I have never seen the green sea. I stand transfixed staring through a small window at the back of the plane. For 20 minutes I stare out at a landscape that contains not a single road, not a single village, no sign of humanity's presence at all.

Huge brown rivers snake through this lazy sea of mottled green. My school geography books smile back at me from the ground. Look ox-bow lakes. Real ones, flanking the meandering backfolding rumpled river like raised eyebrows. Has a human foot ever stood beside these lakes?

I see occasional rocky outcrops and speculate how they must appear from the ground. Fifty metres high?
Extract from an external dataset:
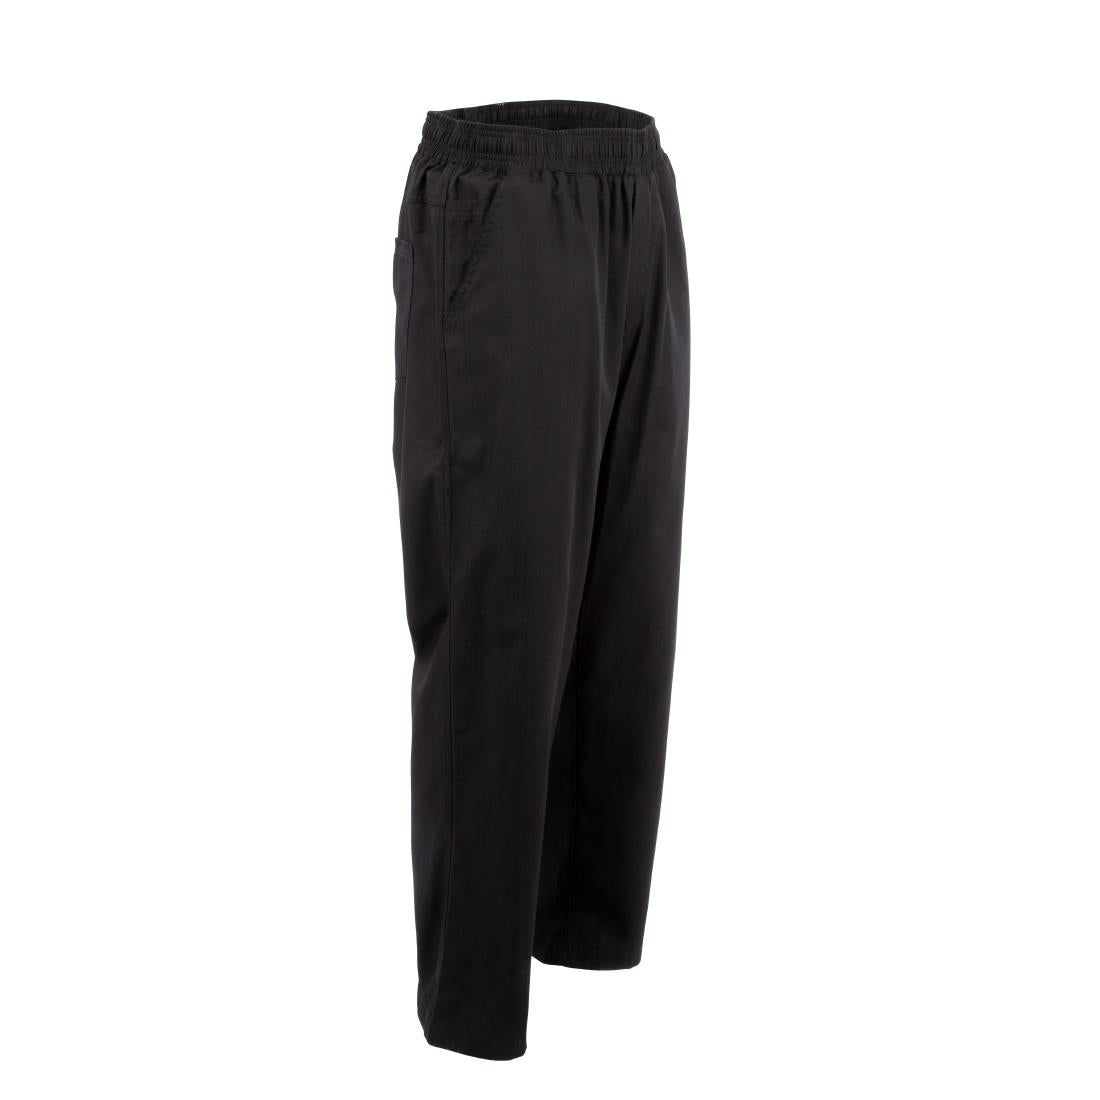 Chef Works Unisex Better Built Baggy Chefs Trousers Black JD Catering Equipment Solutions Ltd

Five hundred metres high?

And so it goes, at 1000km an hour. In that time I must have passed over more than 300 km of virgin forest, no human touch visible from one horizon to the other. I imagine the calls of a million birds, the wings of billions of insects, the growls and squeaks of the hunting and the hunted, the careful waiting poses of lizards, snakes and frogs. All safe in that vast wilderness. For now.

I return to my seat, overwhelmed as the forest continues rushing beneath my feet.

There is no one to meet me at Lima and, like a fool, I haven’t brought phone numbers with me. I find the information desk and they contact the hotel. Two hours later a taxi turns up just as night comes crashing around our ears. The journey is straightforward and forty minutes long, but it is not cheap. The air smells of exhaust fumes. Lima contains 9 million people according to Wikipedia, 13 million according to the taxi driver, around a third of the population of Peru.

The city is encrusted with mountains that lie like piles of salt across a dusty table cloth. It hardly ever rains in Lima, just 1-3cm a year. Everything is thick with dust. I will later see two guy at the hotel painstakingly cleaning the leaves of bushes, one leaf at a time.

The taxi journey takes 40 minutes. I later learn that this is almost a record. Jeremy takes the same journey a day later and sits in his taxi for two and a half hours, during which he witnesses half a dozen accidents and an overturned lorry that is being looted in the lacklight.

At reception they hand me a key and walk me through a park to a wooden bungalow. The map tells me that I am beside one of the funicular stations. Lights in the night sky reveal that we are in a valley and that some of the hotel rooms are 60 or even 100 metres above me. Given that I am dog-tired after an epic 20 hours travelling I am more than happy to remain in the valley. I have a few hours to produce my speech and a Powerpoint presentation and maybe grab a few hours sleep.

I drift to sleep remembering the Amazon rainforest. Our beautiful world still exists. My speech must encourage WFTO members that it is down to us to ensure that it carries on existing. On Thursday, Jeremy is presenting Shared Earth’s motion to the board, calling for climate change action and environmental action to be placed at the heart of WFTO’s mission statement. The signs are looking good.